MOST LIKELY DIAGNOSIS: Polymyositis
This 6-year-old has a history of generalized muscular pain and swelling. The erythrocyte sedimentation rate is 90. You are shown seven images that include a coronal T1 (image 1), a coronal T2 with fat suppression (image 2), an axial T2 without fat suppression (image 3), and an axial proton-density SPIR or fat-suppressed proton-density (image 4). How much can you see in the four images?
CLINICAL CONSIDERATIONS:
Q1 – What is your diagnosis?
Q2 – If a diagnosis were not yet made, what test would be on your blood draw aside from the sedimentation rate?
Q3 – What sporadic disease is often confused with this one, and does not respond to treatment for months to years?
CLINICAL CONSIDERATIONS:
A1 – Polymyositis.
A2 – Creatine kinase (CK); Creatine phosphokinase (CPK) or lactate dehydrogenase LDH might be part of your blood draw. Patients that are especially sick with this condition can develop muscle necrosis and myoglobinuria.
A3 – Sporadic inclusion body myositis (SIBM) is often confused with, and misdiagnosed as, polymyositis or dermatomyositis. It progresses more slowly, and does not respond to steroid treatment.

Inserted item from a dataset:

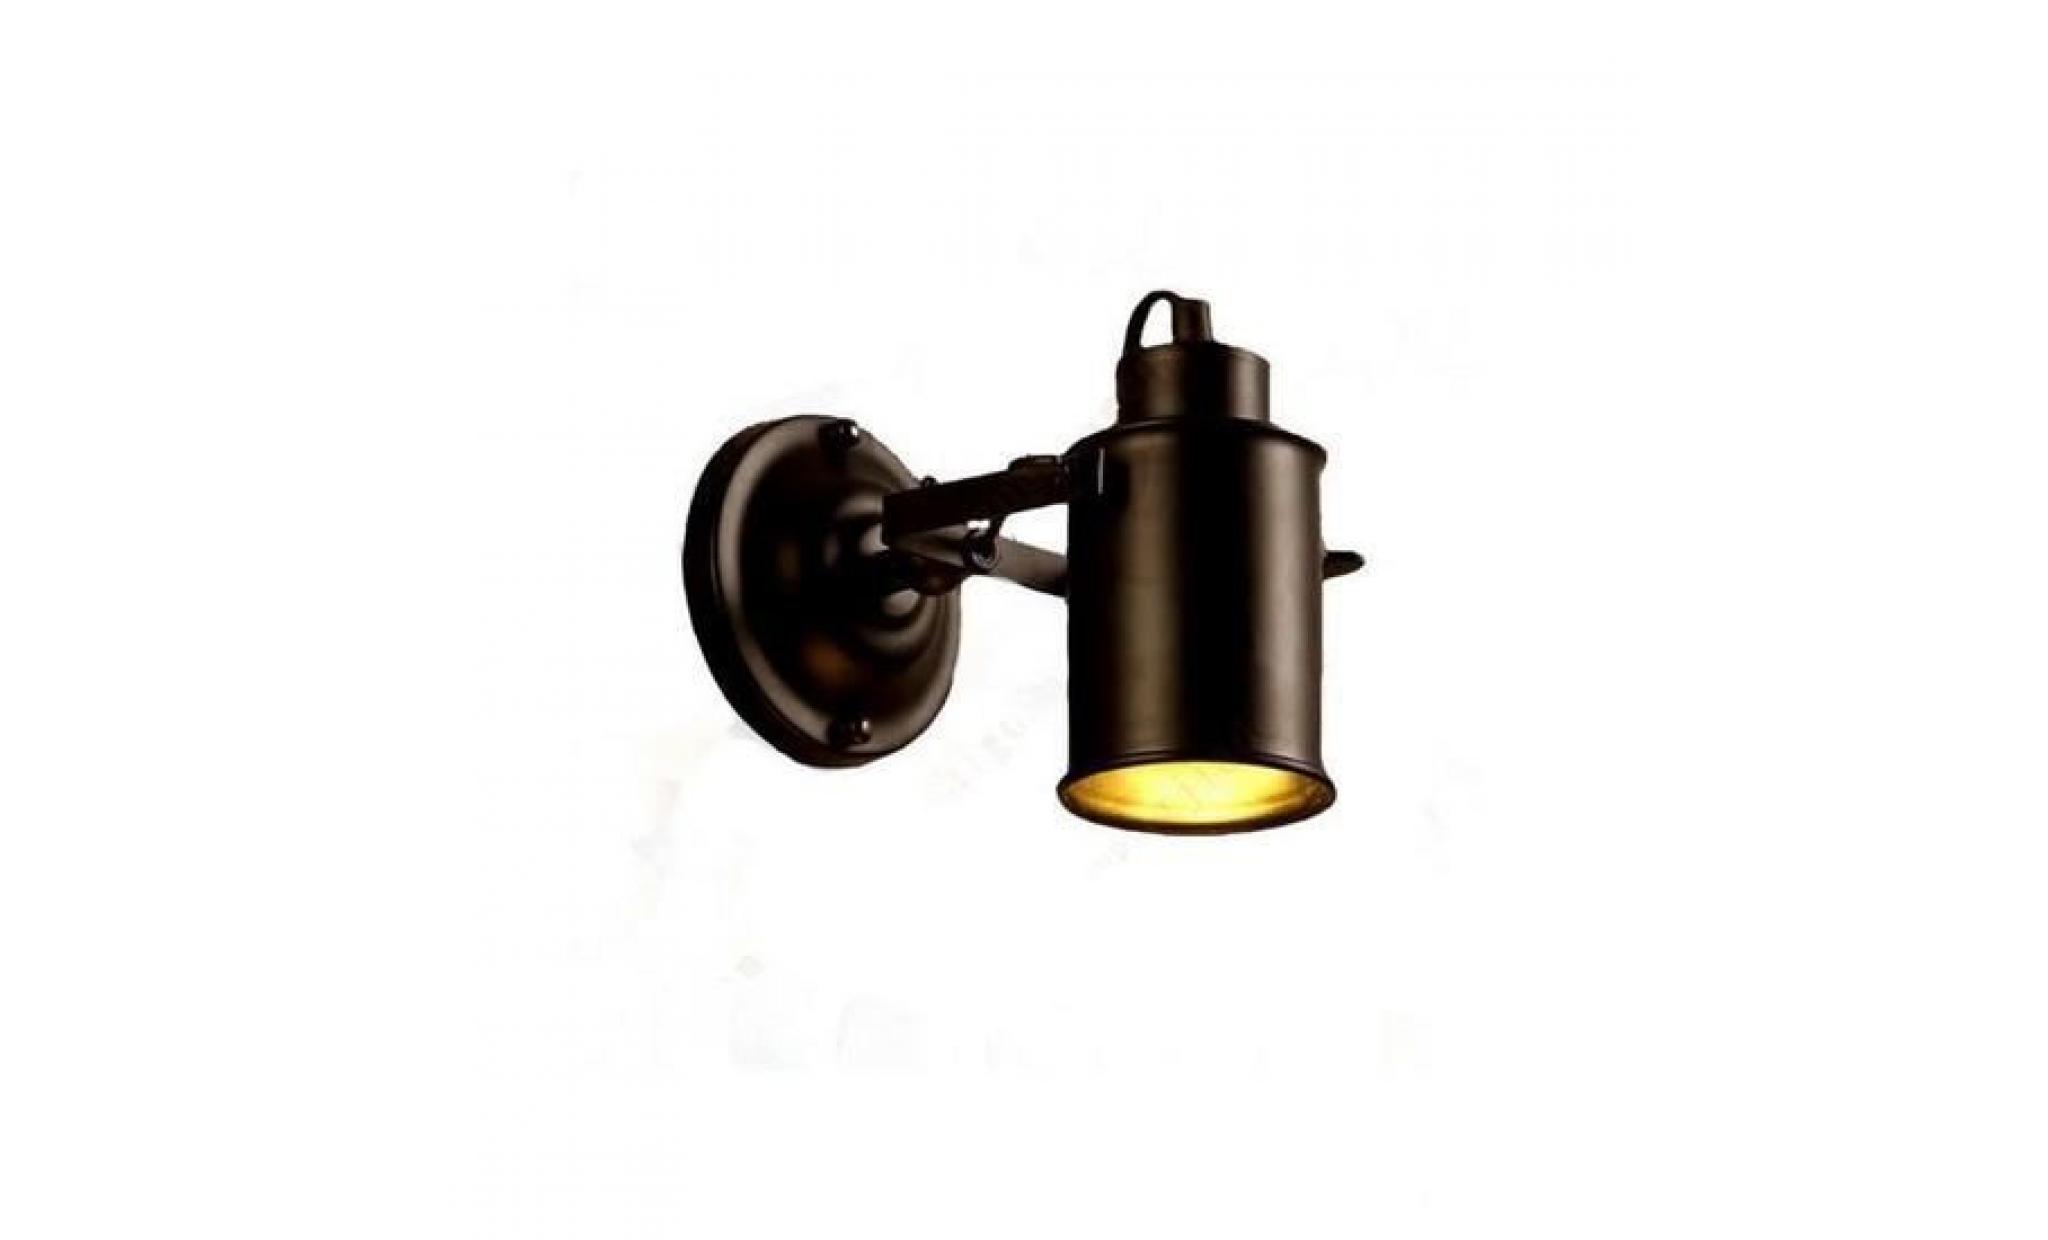 applique rétro lampe murale led industriel mur de feu lampe tête de lit ajustable pour couloir/chambre/restaurant+cadeau porte clés pas cher

The hallmark of polymyositis is weakness and loss of muscle mass, proximally. The ability to contract the neck and torso are also affected. Often affected are large muscle groups such as the hip extensors which leads to difficulty climbing stairs or rising from a seated position. Patients tend to experience muscle pain.
Pure polymyositis is not associated with skin lesions. However, other symptoms include abnormalities of esophageal motility or dysphagia, low grade fever, peripheral adenopathy, interstitial lung disease, and cardiac disease in severe systemic cases. When presenting in adulthood, fatigue while walking is a common complaint.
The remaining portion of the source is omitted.